Most rural homes were not electrified — only three farms in 100 had electricity. Unchecked fires burned 10 percent of the region’s woodlands every year, and poor logging practices had nearly ruined forests that once offered endless miles of timber.

The preamble to the TVA Act of 1933 laid out succinctly that TVA’s role was “to improve the navigability and to provide for the flood control of the Tennessee River; to provide for reforestation and the proper use of marginal lands in the Tennessee Valley; to provide for the agricultural and industrial development of said Valley; to provide for the national defense . . . and for other purposes.”

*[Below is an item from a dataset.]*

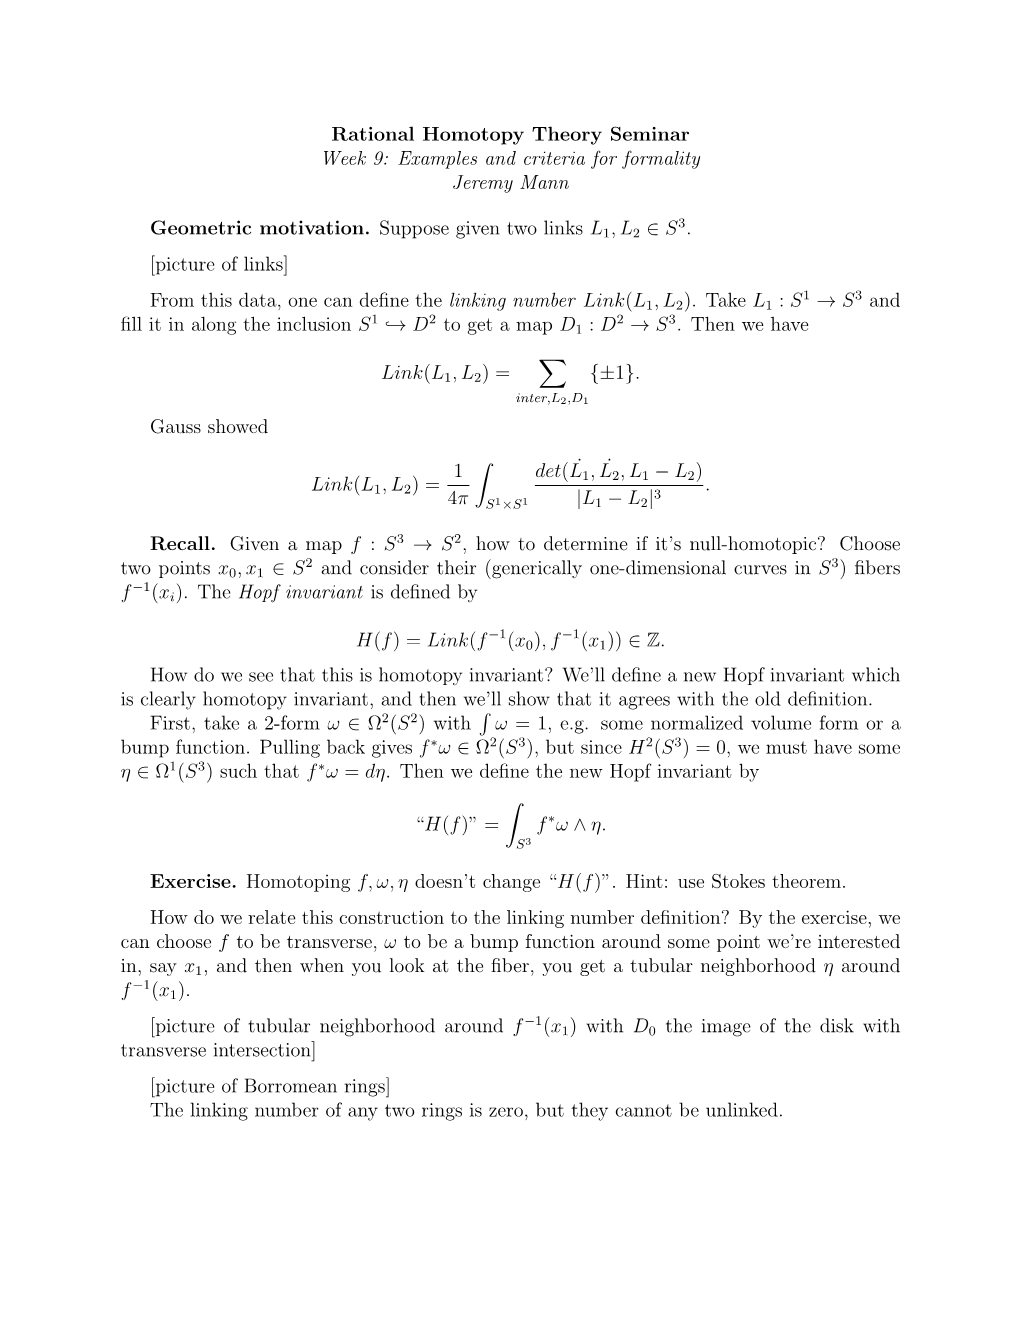 Rational Homotopy Theory Seminar Week 9: Examples and Criteria for Formality Jeremy Mann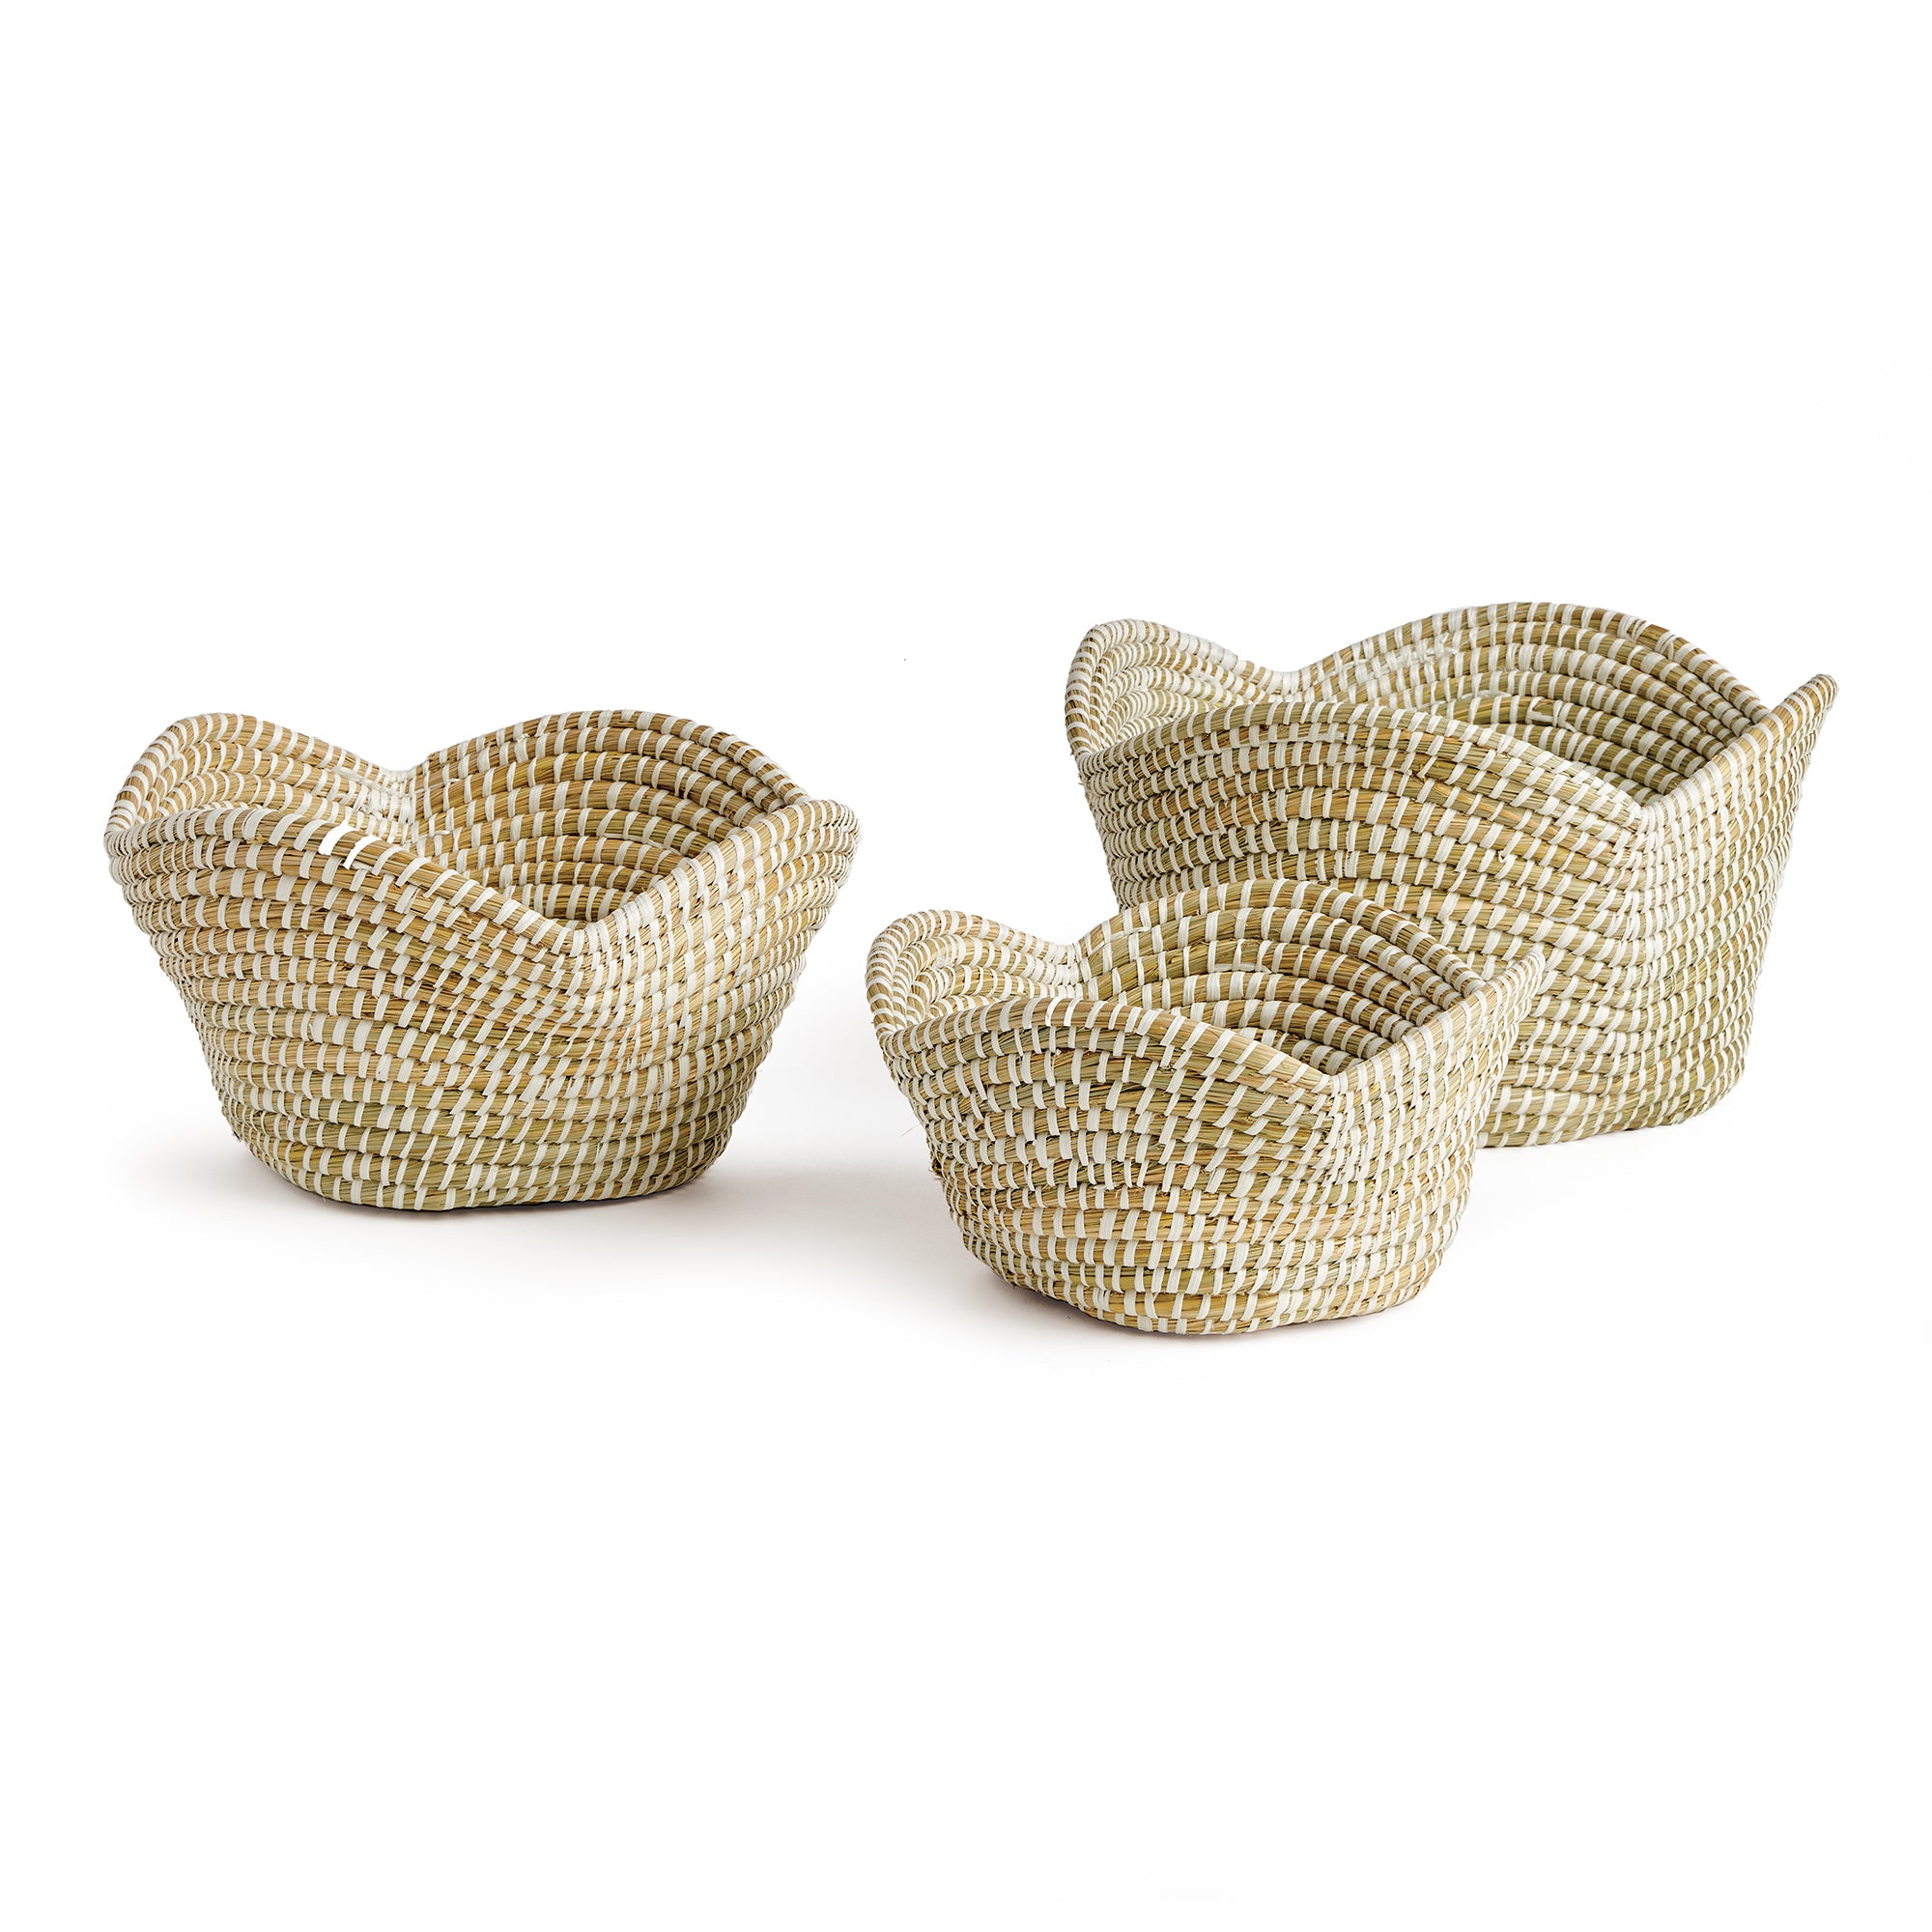 These well-scaled all natural baskets are hand-woven by skilled artisans using sustainable materials. With sculpted petal-like rims, they are just perfect for creating that spa-inspired look for home or office. Amethyst Home provides interior design, new construction, custom furniture, and area rugs in the Portland metro area.

The first generation of TVA employees went to work building our system of dams and locks to control floods and improve navigation of the Tennessee River. They created and distributed powerful fertilizers to help improve farming practices and crop yields. They grew and planted seedlings to stop soil erosion and reforest denuded areas. TVA workers also provided electricity to rural areas and recruited industries to the region to provide jobs. They completed these tasks, and many more, to improve the quality of life of the people in the region. 

The Urgent Work of Today

While these initial problems were solved, we — TVA’s current employees — are still tasked with improving the quality of life for the people of our region in our time. That is what makes our anniversary matter. Just as earlier generations of workers met their own challenges, we are meeting ours: battling climate change, building the energy system of the future.

We are working to meet our generation needs while reducing carbon levels and aspiring to achieve net-zero carbon emissions by 2050. We want to ensure this region has some of the best jobs in the nation, so over the past five years our economic development work has generated approximately 341,000 jobs and over $45.4 billion in capital investment in the Tennessee Valley. We balance competing demands on our water system to provide flood control, navigation, power production and recreation, as well as water supply and water quality.

As long as our mission remains–serving the people of the Tennessee Valley to make life better — the work TVA does will always matter and our anniversaries will be days worth noting.